- **Given data**:
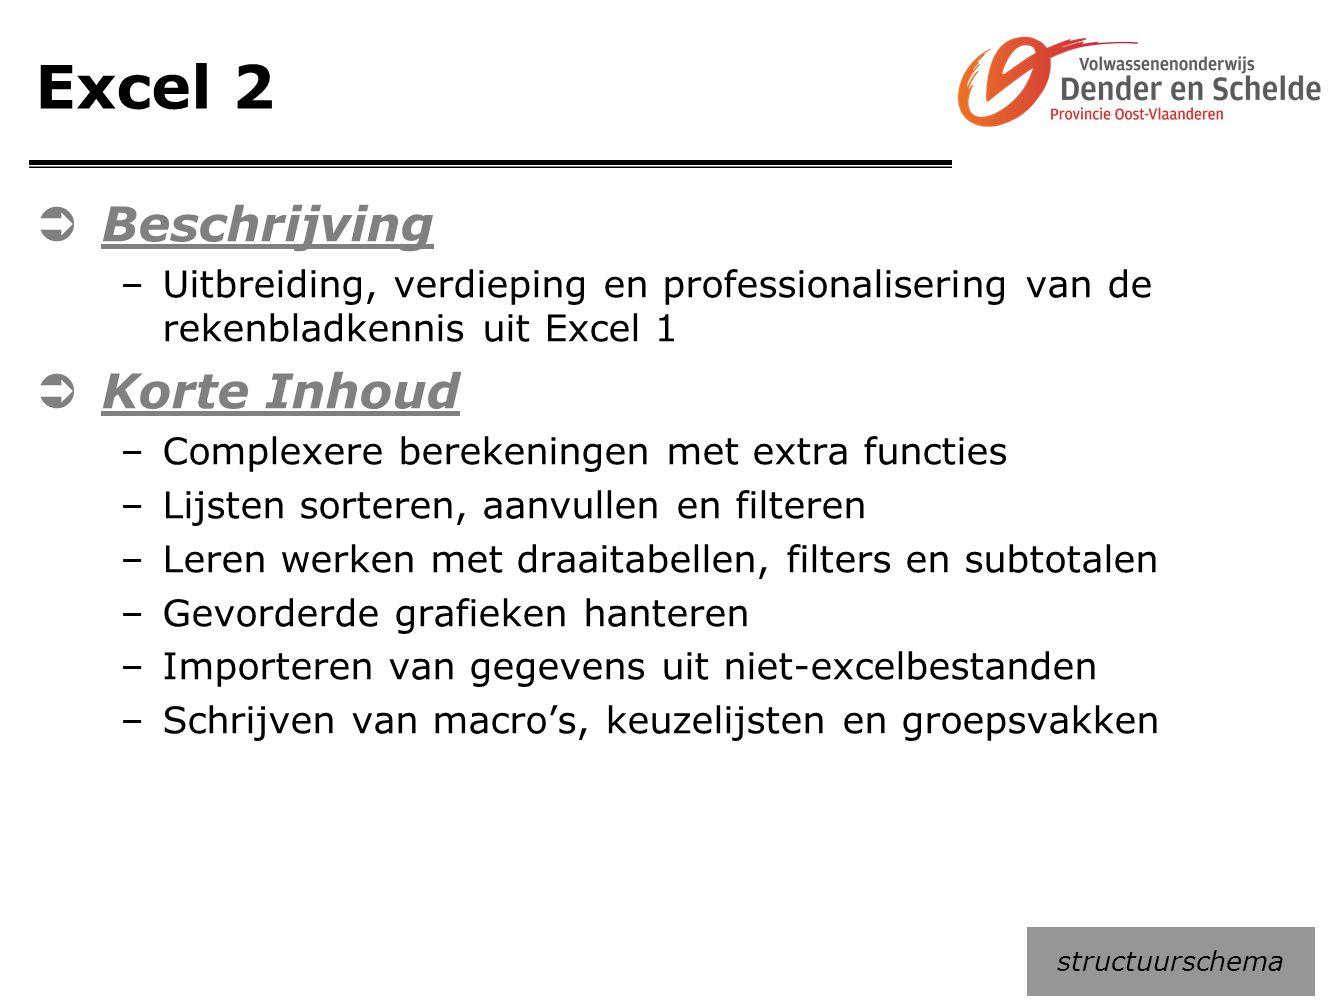 Excel 2 Beschrijving Korte Inhoud
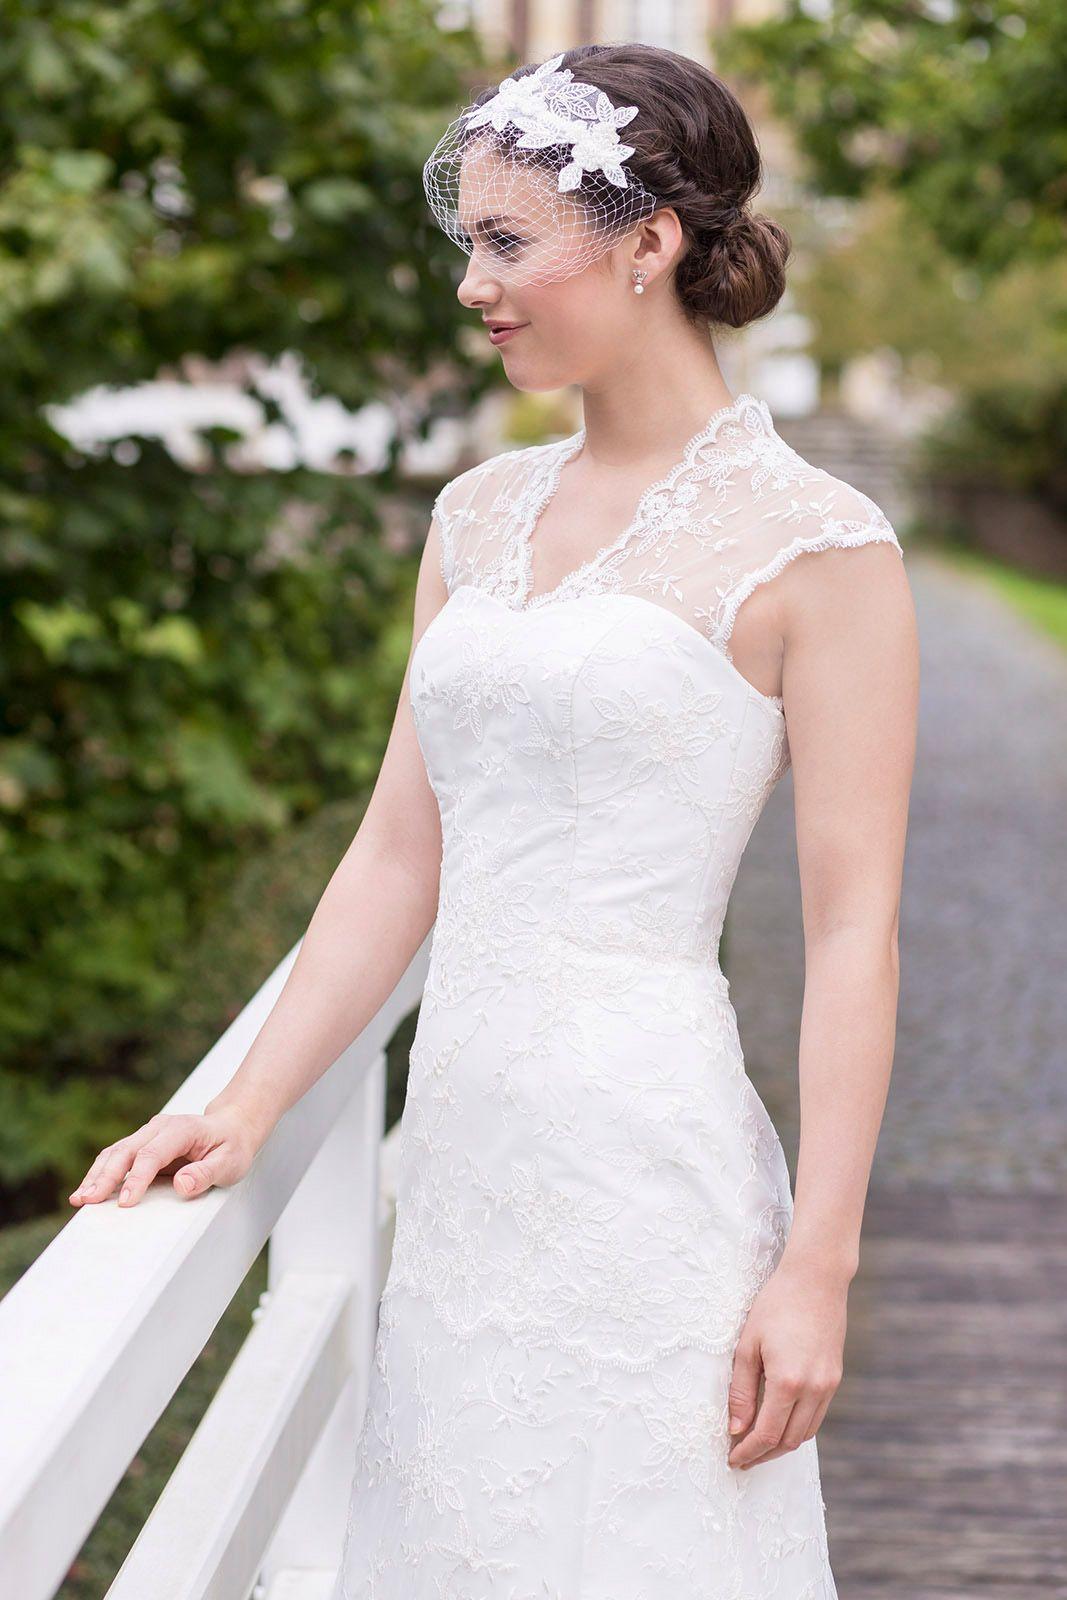 Vintage Garden › Das Braut Atelier - Christina Busch › Brautkleider ...
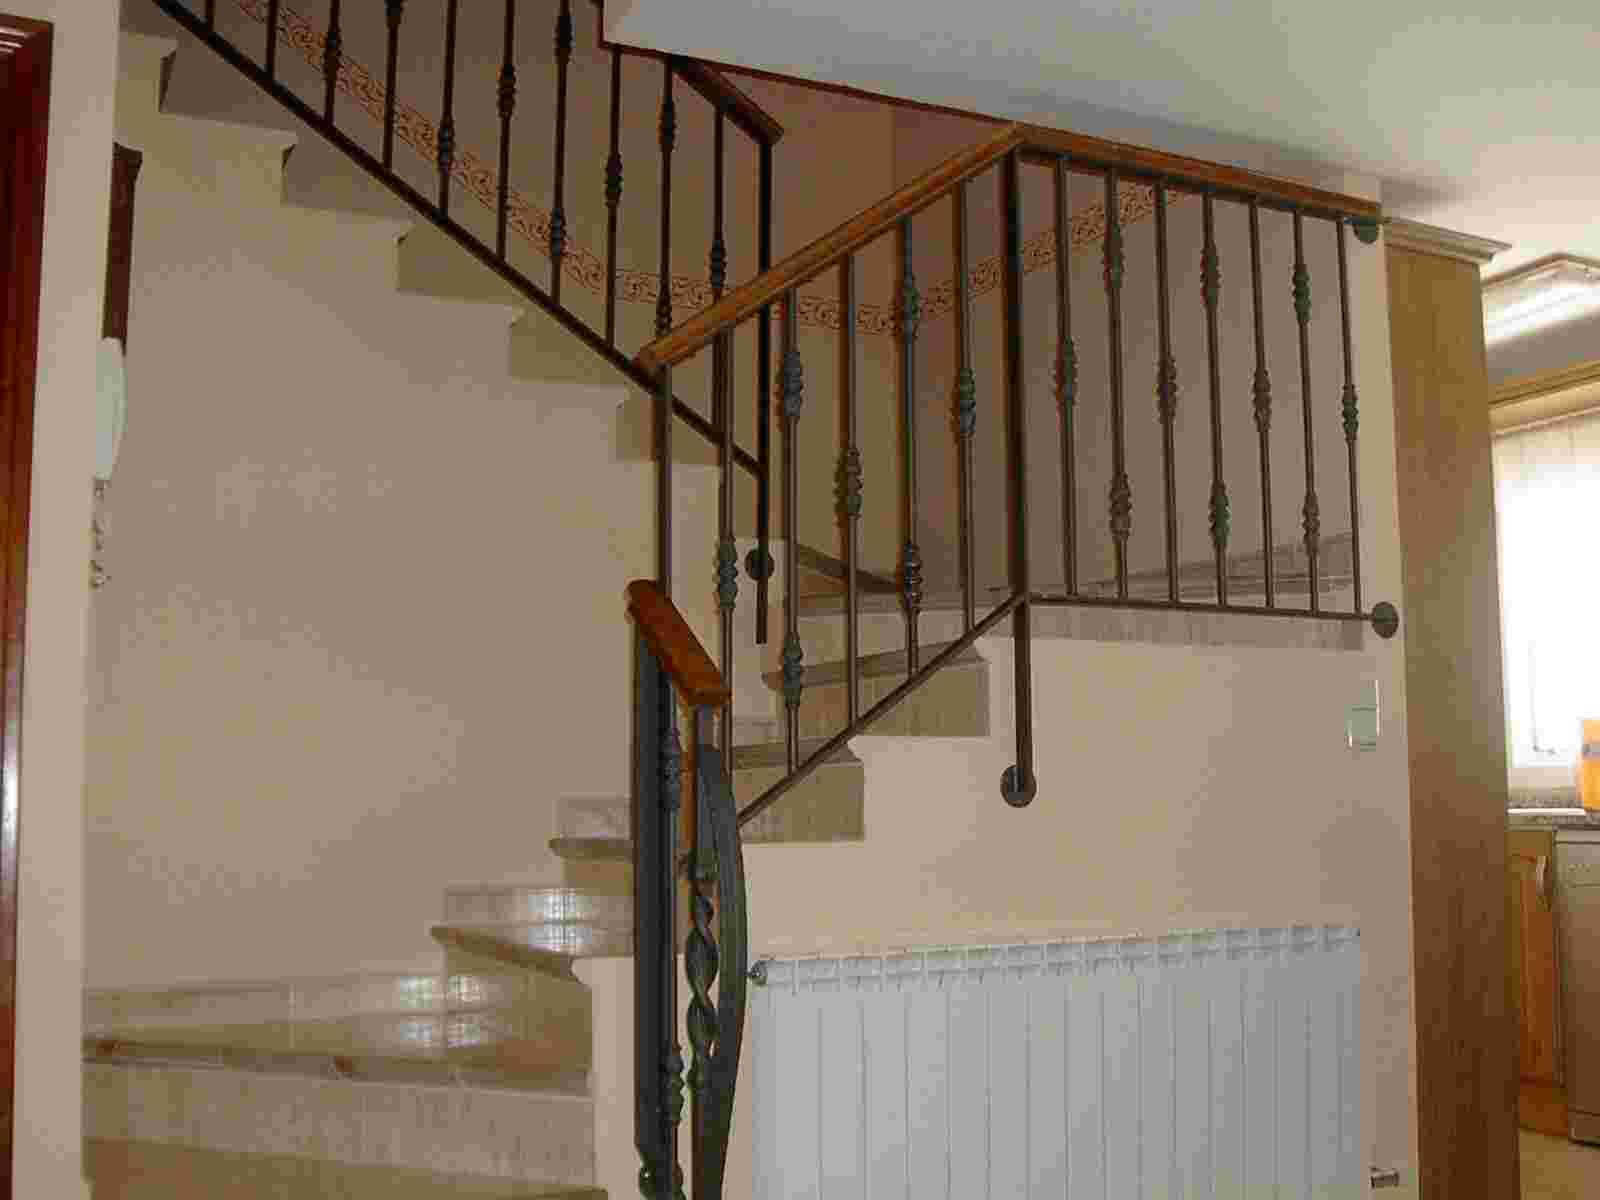 Escaleras de hierro y madera para interiores dise os for Planos de escaleras de hierro
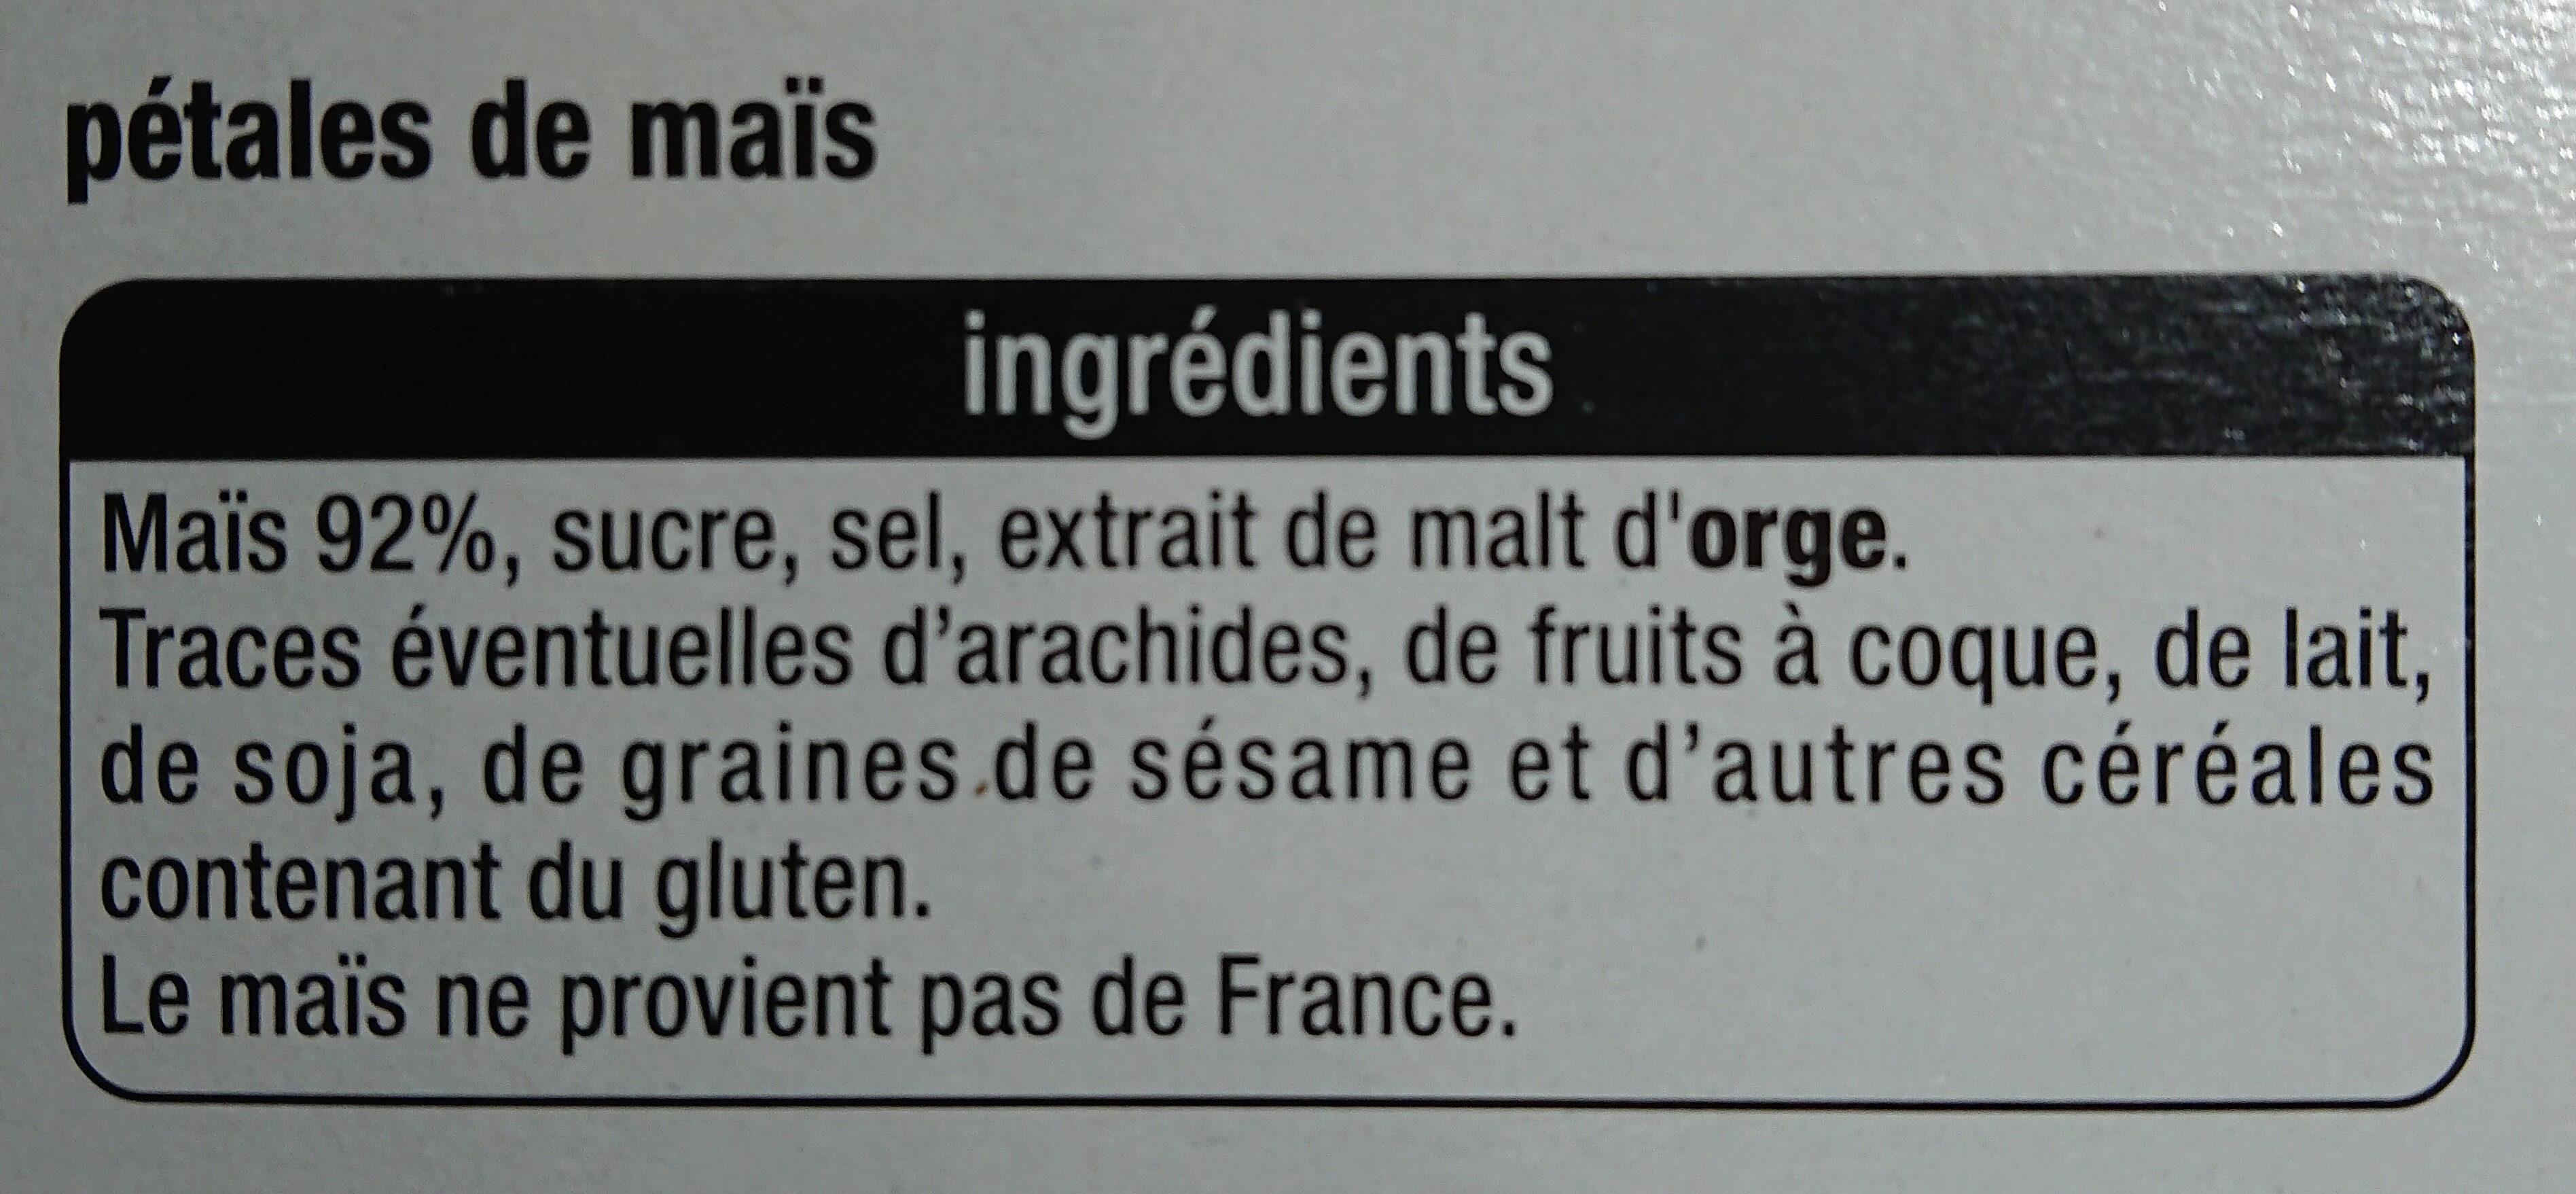 Pétales de mais Corn flakes - Ingrédients - fr

- **What to produce**: Would it be possible to copy the material exactly, excluding the images?

- **Answer to the exercise**:
 Excel 2 Beschrijving Korte Inhoud
 Vintage Garden › Das Braut Atelier - Christina Busch › Brautkleider ...
 Escaleras de hierro y madera para interiores dise os for Planos de escaleras de hierro
 Pétales de mais Corn flakes - Ingrédients - fr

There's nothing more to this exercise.